In “Do Not Stand at my Grave and Weep”, Minnesota Shruthi Rajasekar gives new life to Mary Elizabeth Frye’s beloved poem, written to comfort a grieving friend. Drawn to Frye’s vivid imagery, Rajasekar composed a ragamalika, which she describes as “a garland of ragas, the emotive scales of Indian classical music”.

“I haven’t witnessed a piece that is such an organic hybrid of classical Indian technique and theory as well as Western choral music,” Lichte says. “Each of the ragas embodies a different aspect of nature illuminated in the text. In one way it has modern choral music with shimmery chords but when you dig deeper, she is shifting through so many classical Indian composition tools and modes of expression so naturally and organically.”

 
 

Chor Leoni’s new composer in residence, Don Macdonald, will share the world premiere of “Boundless and Infinite”. “I wanted to create a mood that allowed for hope and a sense of community,” Macdonald says. “This I did by writing poetry that reflected on the spirit of my father who passed away in September of 2020. "
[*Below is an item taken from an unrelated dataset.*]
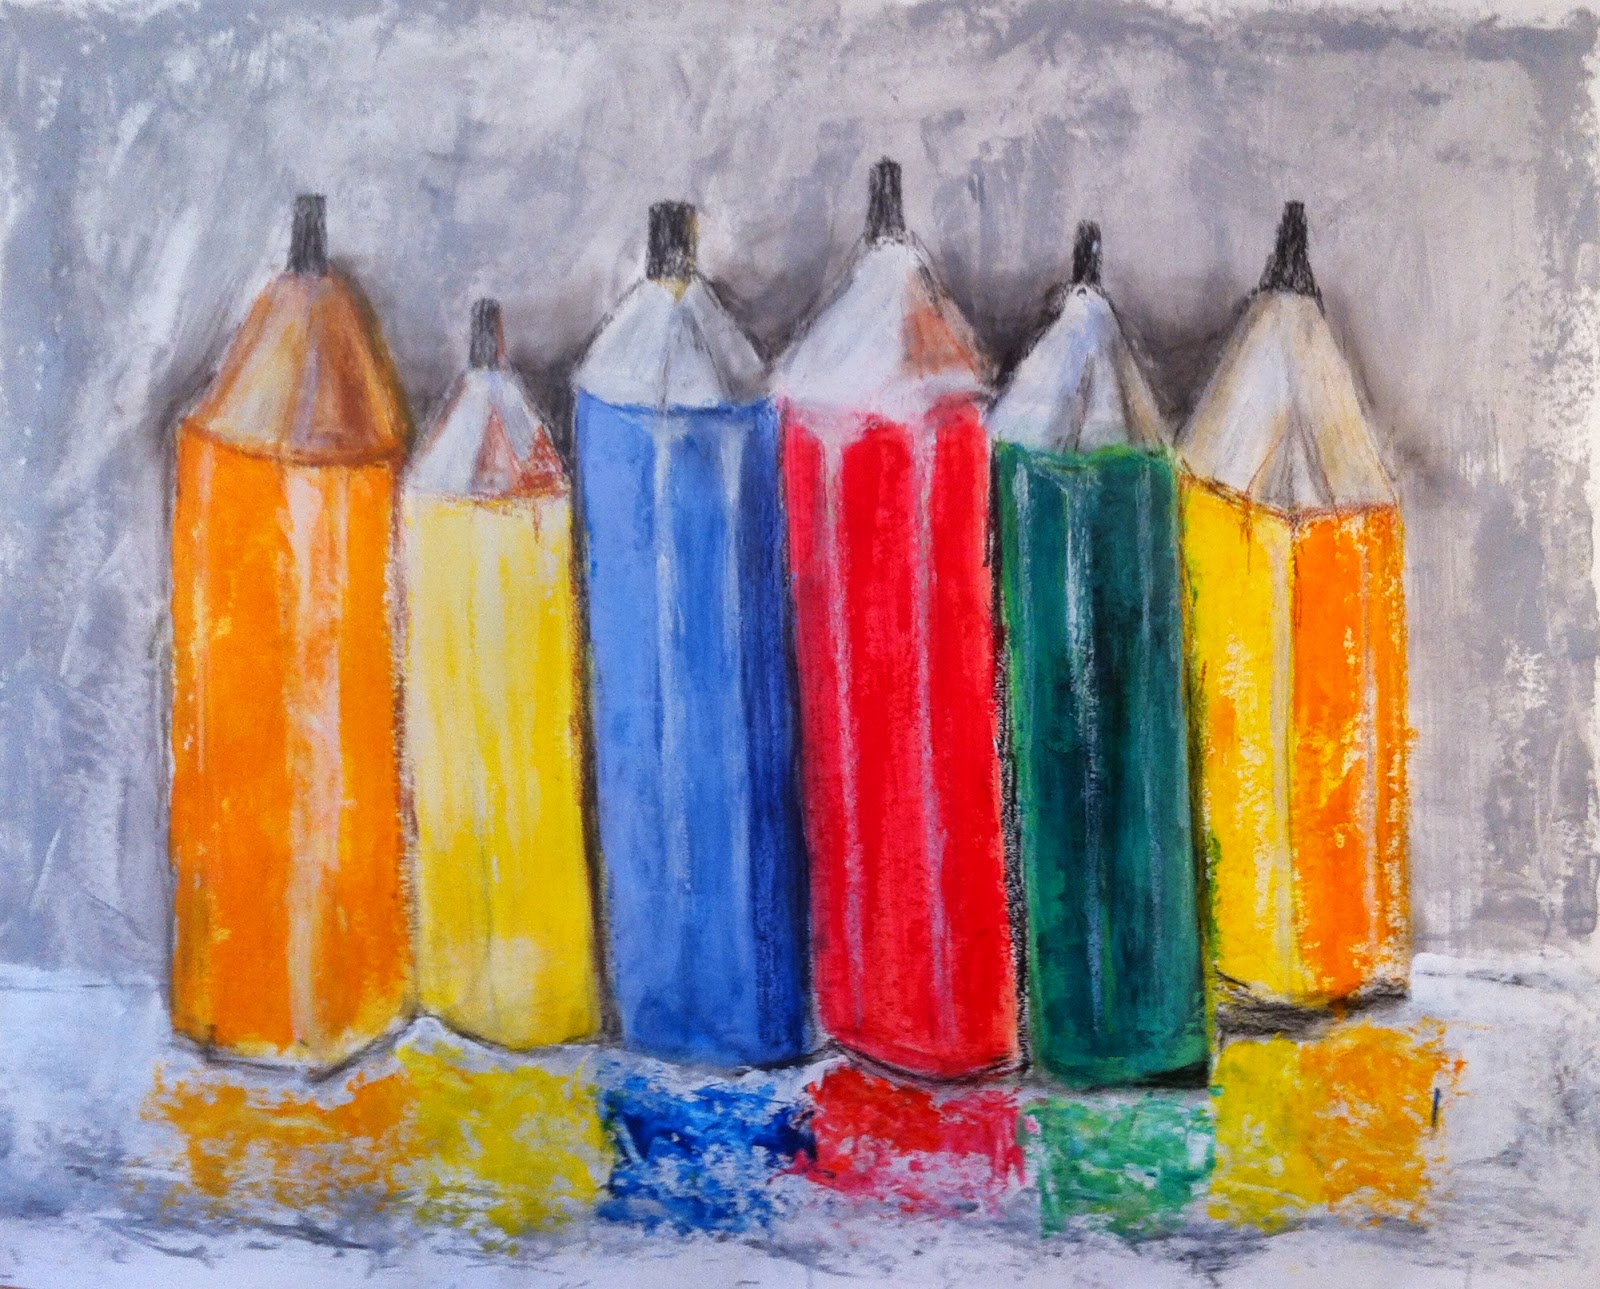 N°149 - Nature morte aux crayons de couleur - Acrylique et pastel sur papier - 95 x 123 cm - 10 juillet 2014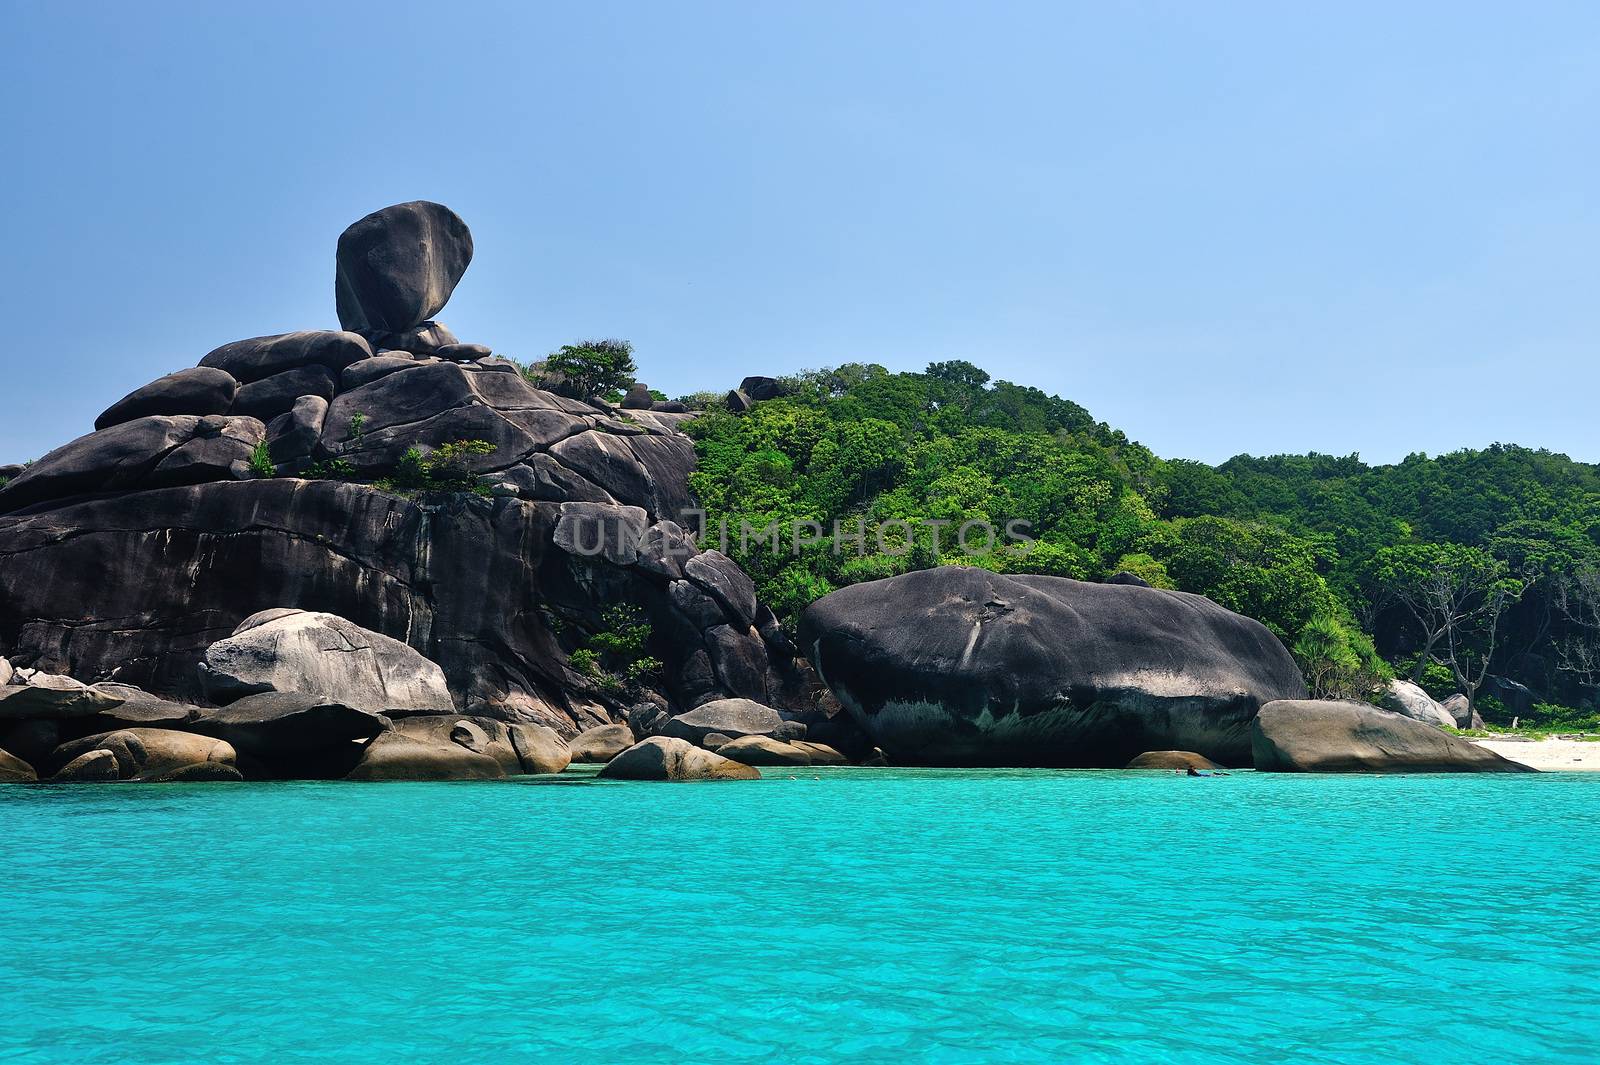 Tropical paradise, Similan islands, Andaman Sea, Thailand by think4photop

A multiple Canadian Film Awards nominee and three-time Leo Award winner, Macdonald has more than 50 film music credits to his name and has worked with major studios such as 20th Century Fox and Lions Gate Films. He has also composed for theatre and dance. Active as a choral singer since a very young age, he’s based in Nelson, where he teaches at the Selkirk College Contemporary Music and Technology Program.

“He has more or less written a brand-new hymn,” Lichte says. “He knocked it out of the park.

“The audience is not just a witness but a participant in the message of this day,” he adds. “It’s scored for trumpet and organ, so it will also allow folks to hear the brand-new pipe organ. It’s very personal but it’s also very universal. It’s inclusive of all. It’s fresh it’s new and it reflects who we are right who we’re trying to be.”

Chor Leoni will also perform Swedish composer Henrik Dahlgren’s “Son to Mother”, a piece commissioned by the Svanholm Singers in 2017 for inclusion in a concert marking 70 years since the proclamation of the Universal Declaration of Human Rights. Dahlgren came across a poem by Maya Angelou, but he felt overwhelmed by the power of her words, so he began building the piece on silence.

Finally, a long-time audience favourite, Eric Bogle’s “And the Band Played Waltzing Matilda”, arranged by Macdonald, appears on the program, as it has almost every year since the choir has held its Remembrance Day concert. Macdonald, who was a founding member of the choir’s second tenor section, can be heard singing the solo on Chor Leoni’s very first CD.